Students can begin to think of themselves as learners by reflecting and critiquing what and how they are learning. Weimer emphasizes the importance of having students think about both content and method in a course. This metacognitive approach helps students develop confidence, grow their repertoire of strategies for learning, and synthesize information.
When students work with each other, Weimer says, they open windows of understanding. Teachers can play an important role by modeling active ways of interacting in a classroom environment by doing simple things like writing down students’ responses and identifying good questions during class discussions. If the teacher writes a student’s comment down and says that it is significant, students will do the same. You can then ask students to do this when they work with each other and, in this way, they will listen more actively to each other.
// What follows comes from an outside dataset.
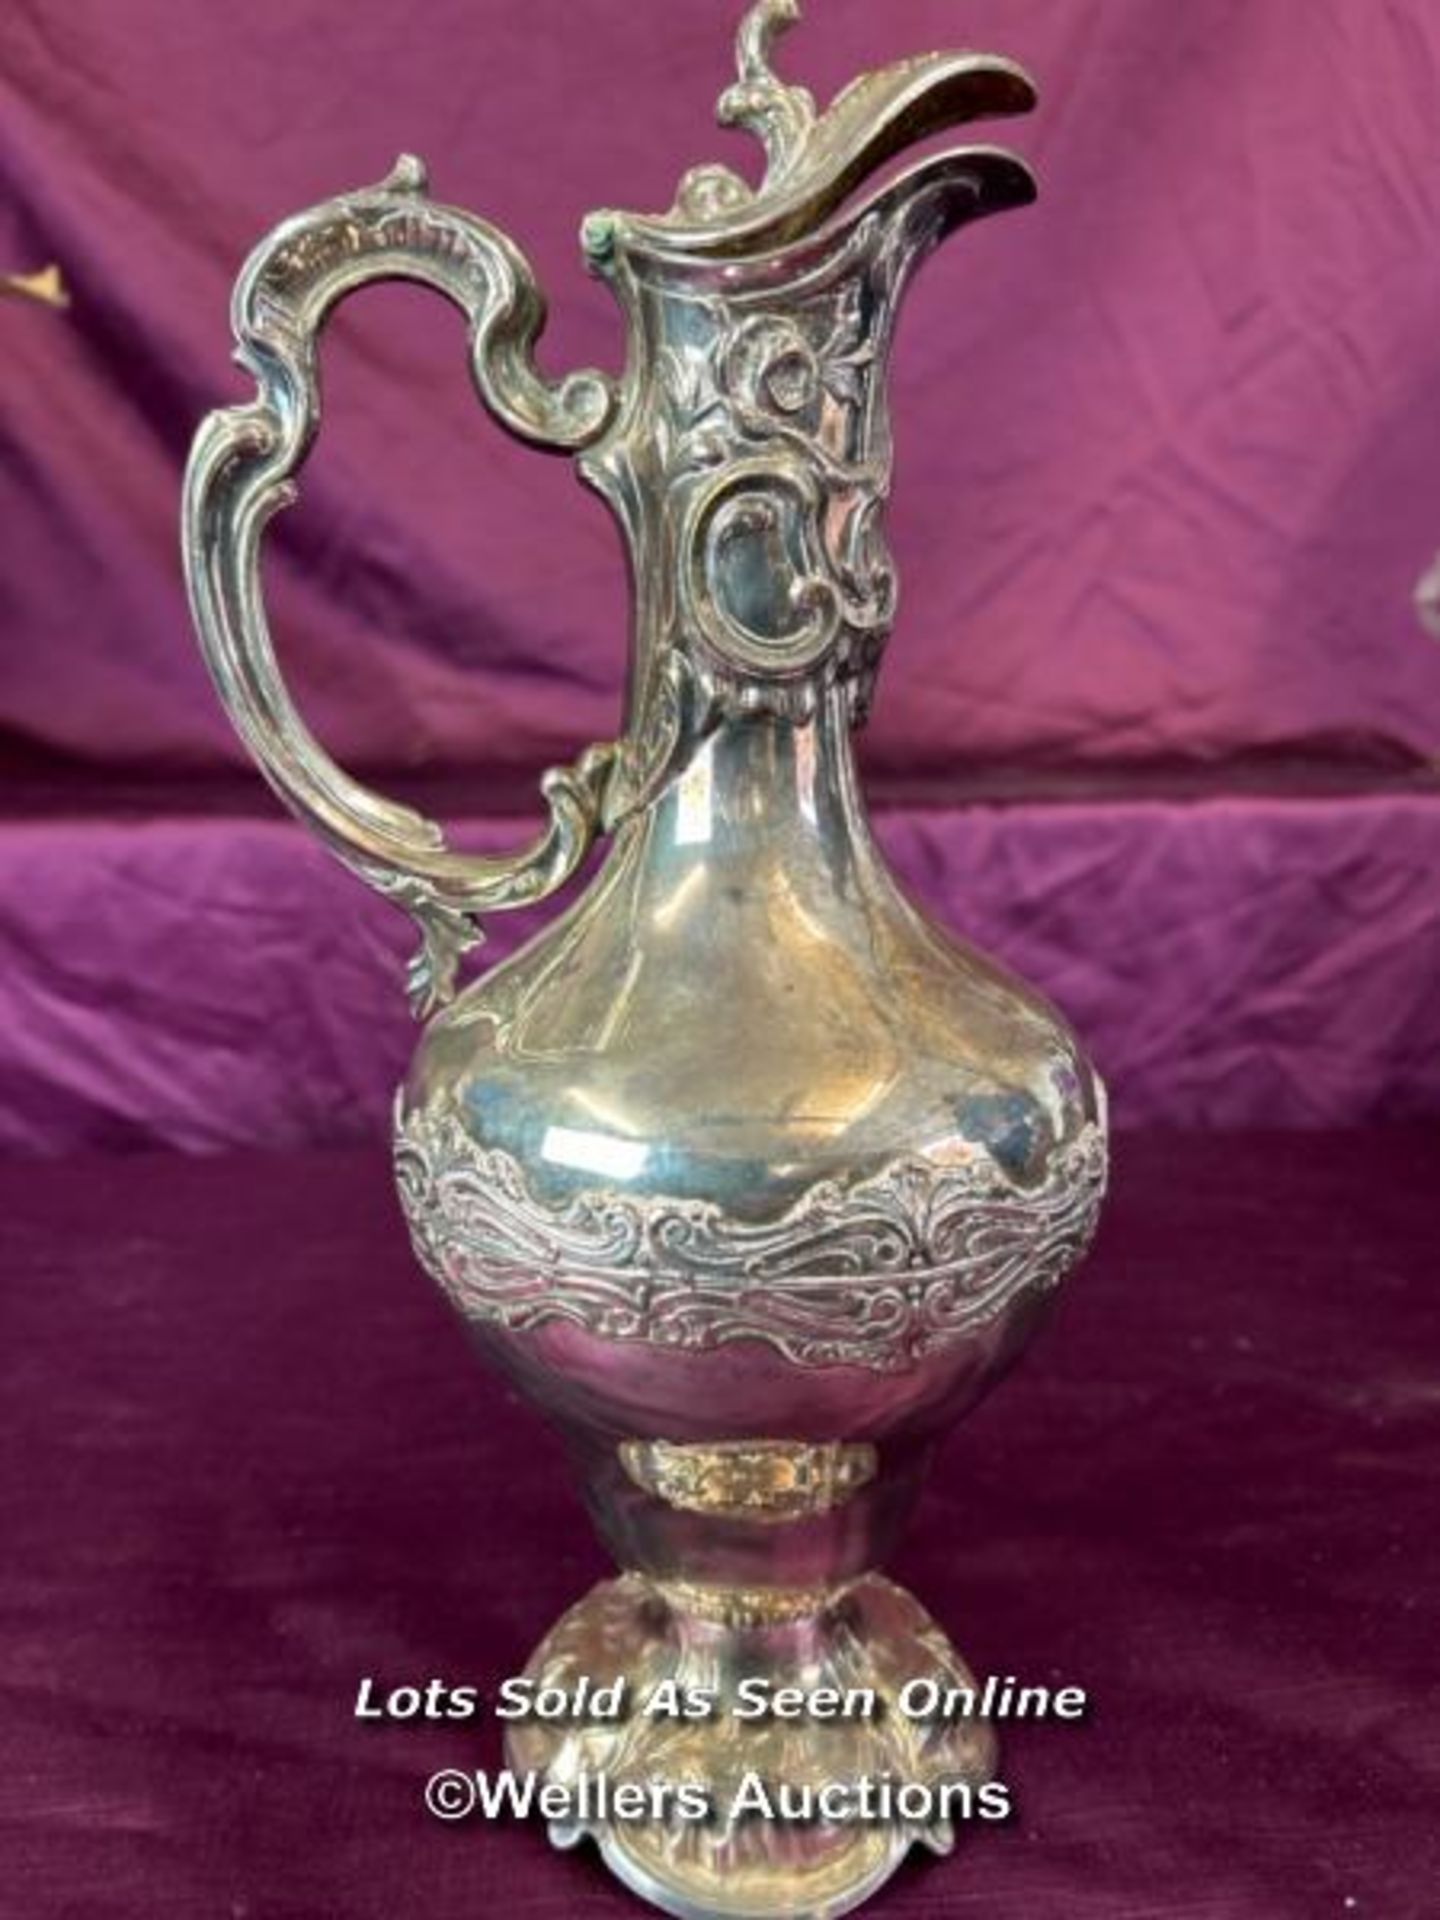 A PORTUGUESE ORNATE SILVER PLATED CLARET JUG, HEIGHT 32CM - Image 2 of 4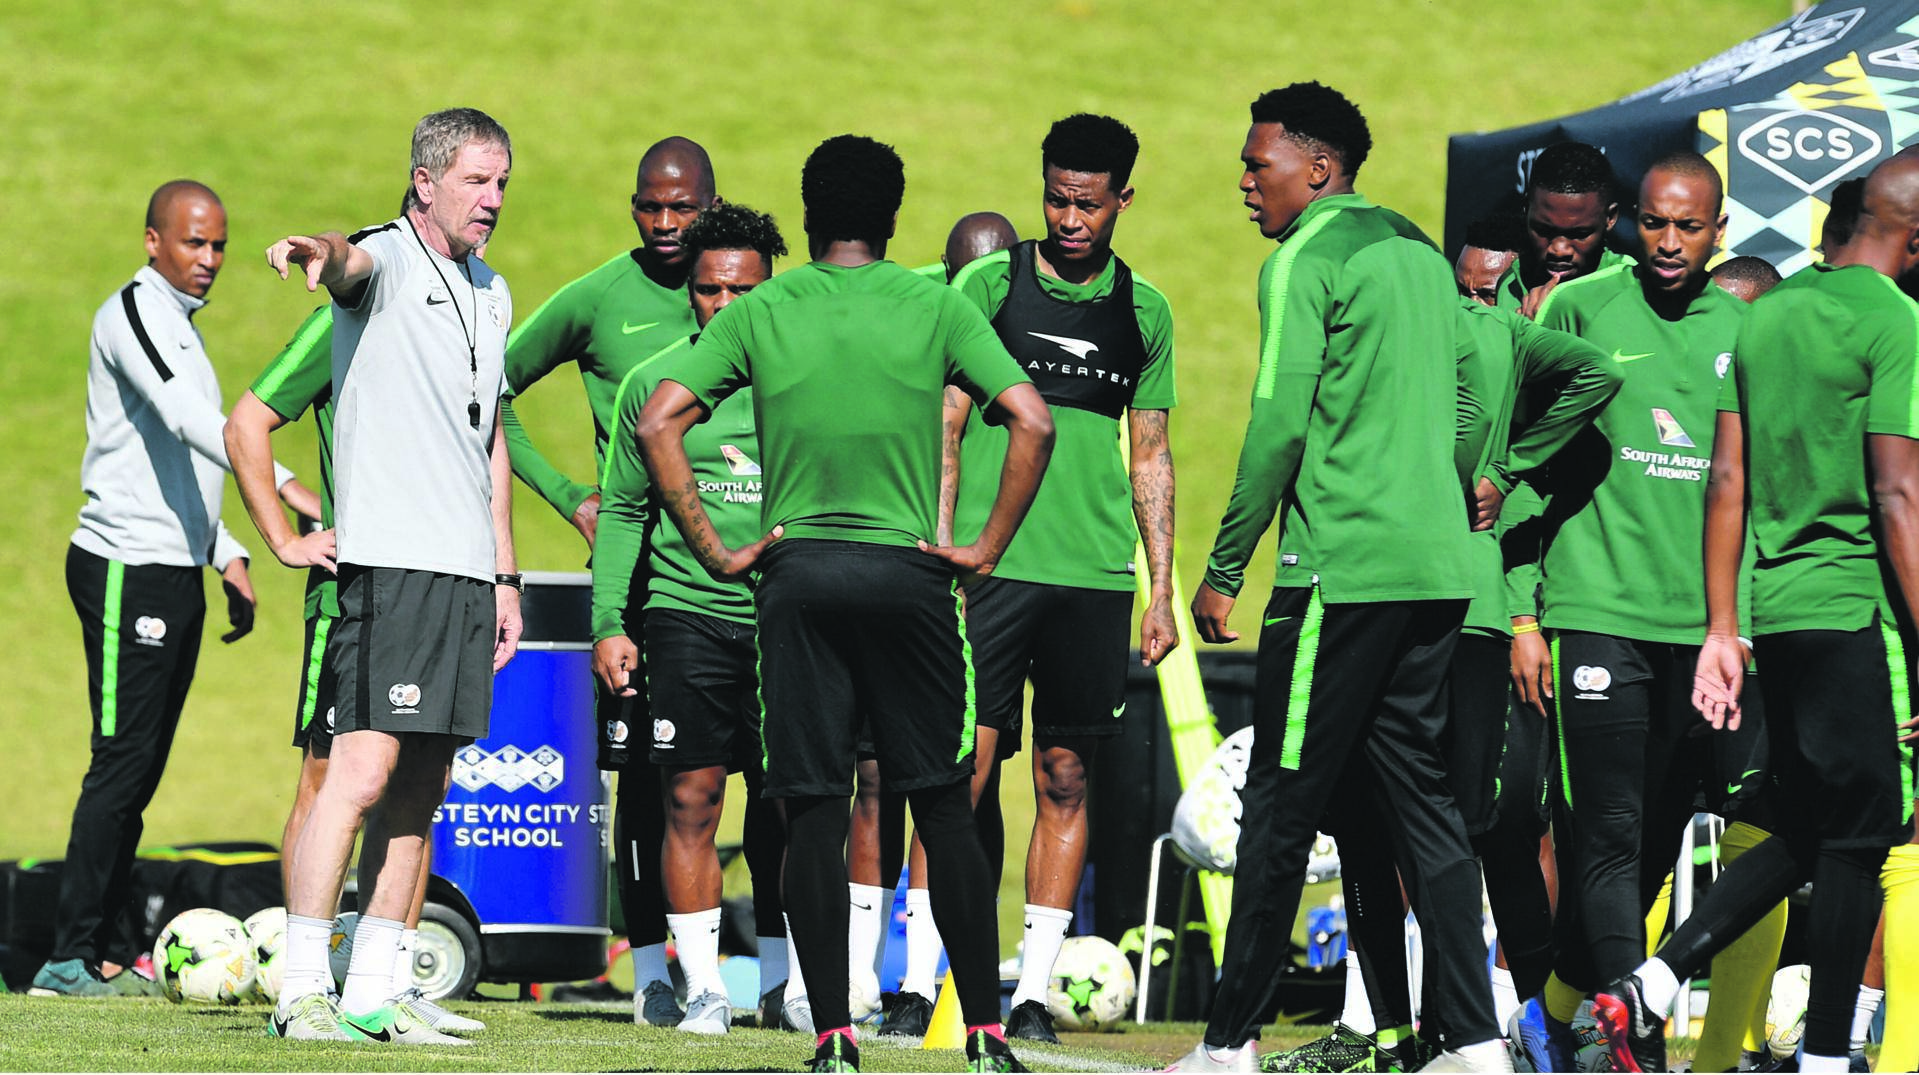 Bafana coach Stuart Baxter and the players during team training at Steyn City School in Fourways, Johannesburg. Picture: Lefty Shivambu / Gallo Images

Weimer cautions that learner-centered teaching might be met with some student resistance. Students may simply resist change to the classroom they’re familiar with or they may resist the more complex thinking and learning that learner-centered techniques require. She suggests several ways to combat this resistance:
Students are more likely to do what we ask when we explain why, too. Education needs to be explicit, Weimer says. In a transparent educational rationale, there is a balance between student discovery and teacher explanation.
This can be as simple as taking a few minutes to ask students to tell you something interesting that they are learning in your class or in another class. This kind of question asks students to think critically and actively about their learning.
Remind students that they can accomplish the goals that you set forth for them. Acknowledge that it is hard work, but they can do it. While this may sound elementary, who doesn’t like to hear they can achieve what they are trying to do?
This process helps you understand what is and is not working for students’ learning and also allows you to teach them the purpose of constructive feedback. Weimer suggests asking for truthful feedback, but also explaining the “golden rule” of feedback: I won’t say hurtful things to you and you won’t say hurtful things to me (I will give to you in the same way you give to me).
Just as you can provide students with encouragement that they can succeed, you can also explain that sometimes we need to do things that feel uncomfortable or are difficult. This is part of the process of learning.
A list of resources about learner-centered teaching and Weimer’s book, Learner-Centered Teaching, are available in the CTL Lending Library.